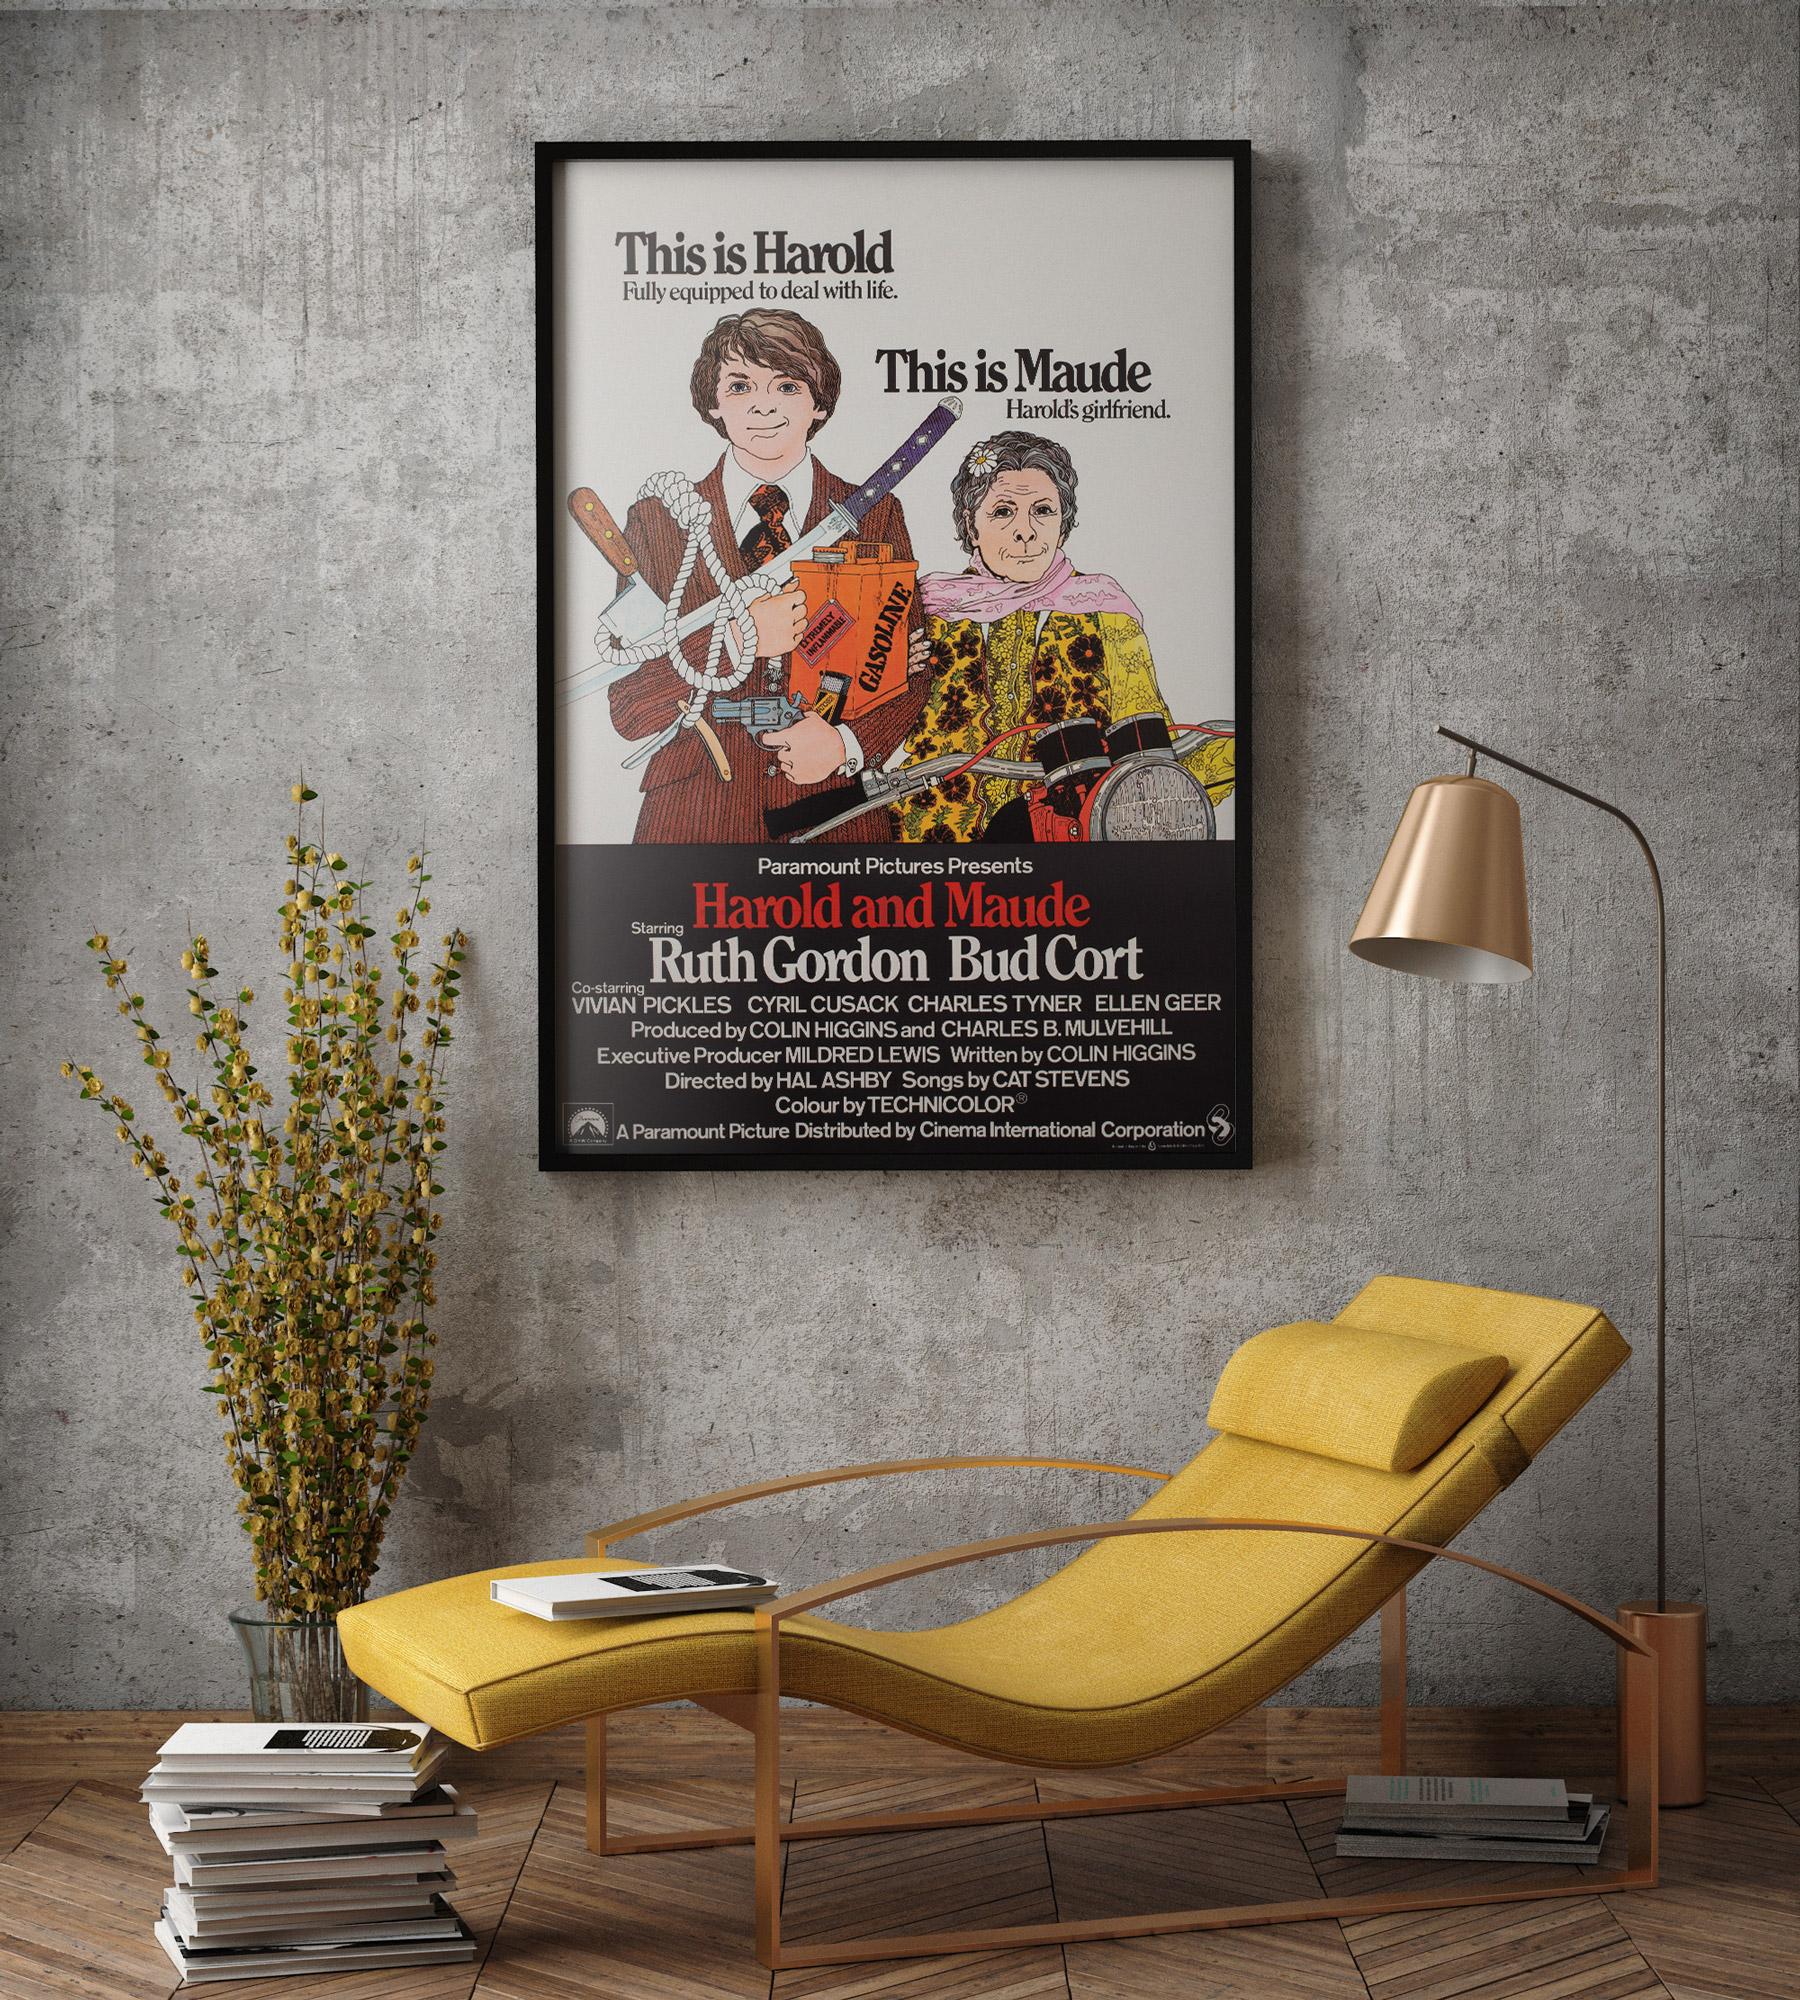 Magnifique affiche de film britannique originale pour la comédie romantique des années 70 Harold & Maude. Le UK 1 Sheet présente sans doute la meilleure illustration du titre. Une affiche très rare et de collection dans un état fantastique.

Cette
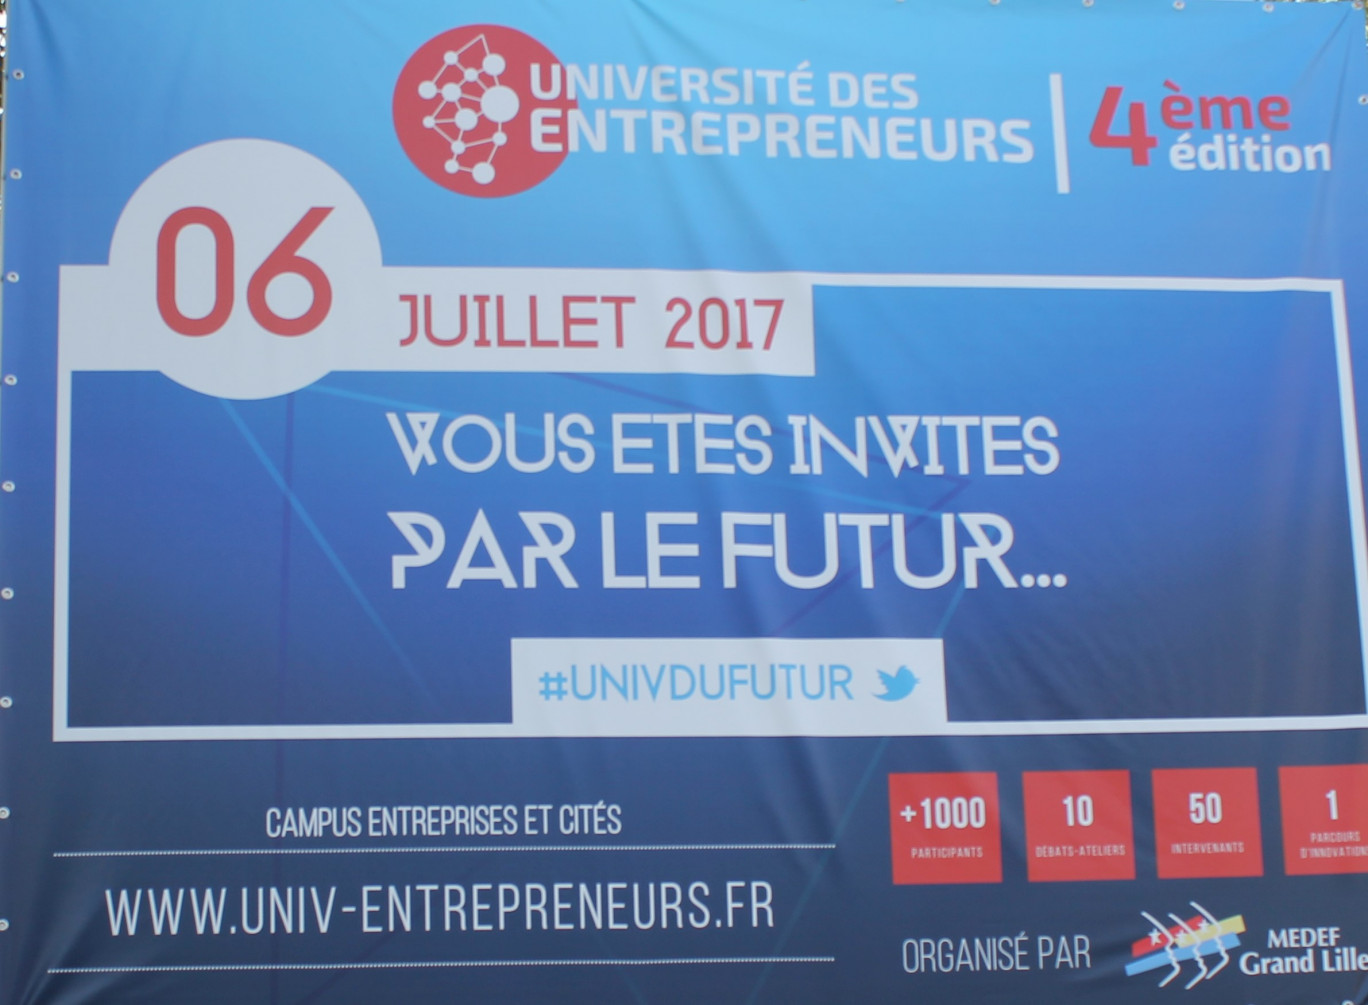 «Vous êtes invités par le futur...», thème de la 4ème Université des entrepreneurs
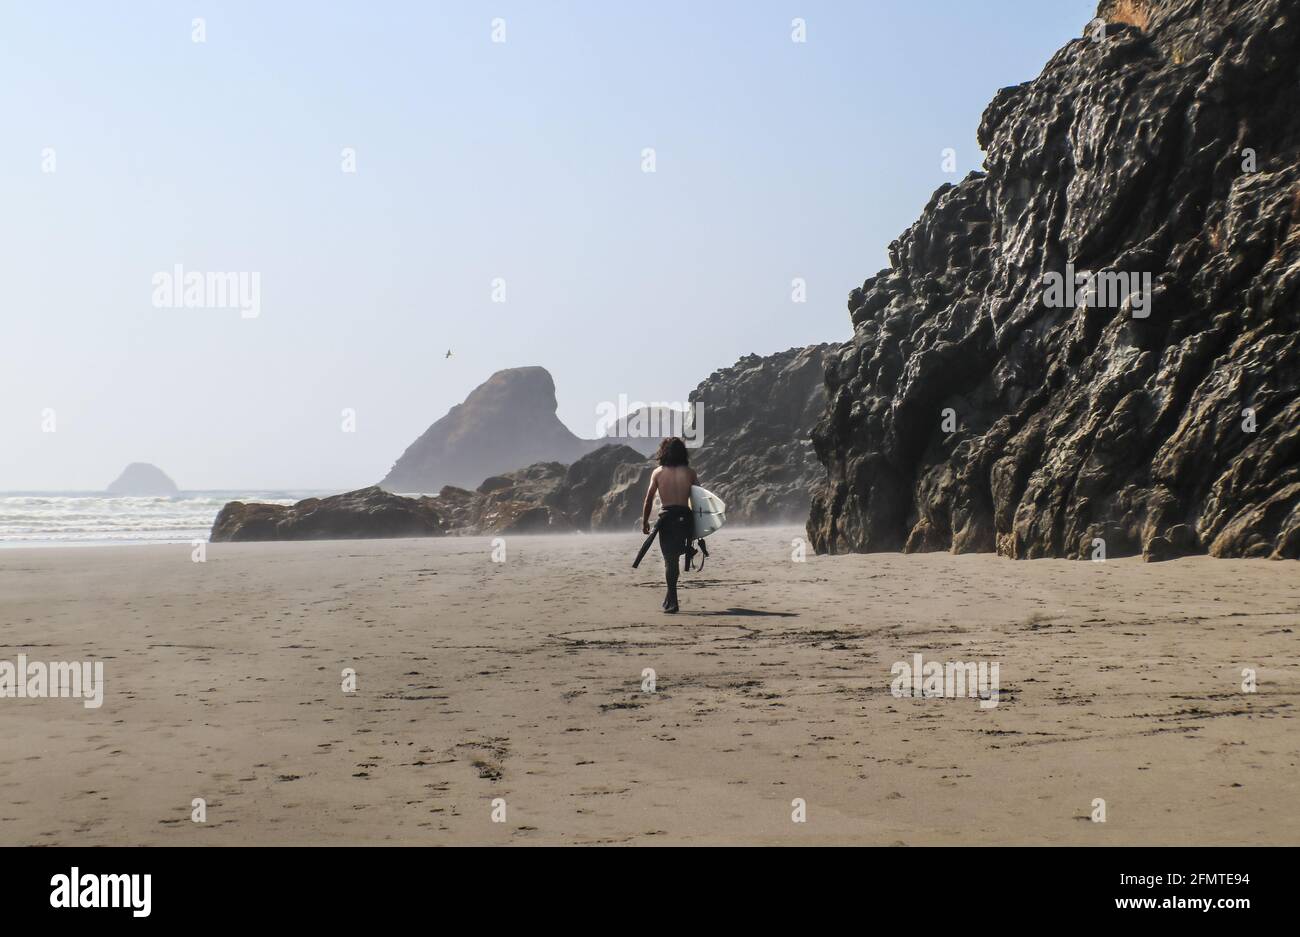 Junger Mann Surfer ohne Hemd und buschig lang dunkel Haare laufen über einen nebligen Strand mit hoch aufragenden, feuchten Felsklippen In Richtung Ozean mit Wellen Rollen in - Shad Stockfoto

Exercise objective: Using the data above, write out every line exactly, leaving the images behind.

Final answer:
 Magnifique affiche de film britannique originale pour la comédie romantique des années 70 Harold & Maude. Le UK 1 Sheet présente sans doute la meilleure illustration du titre. Une affiche très rare et de collection dans un état fantastique.

Cette
 «Vous êtes invités par le futur...», thème de la 4ème Université des entrepreneurs
 Junger Mann Surfer ohne Hemd und buschig lang dunkel Haare laufen über einen nebligen Strand mit hoch aufragenden, feuchten Felsklippen In Richtung Ozean mit Wellen Rollen in - Shad Stockfoto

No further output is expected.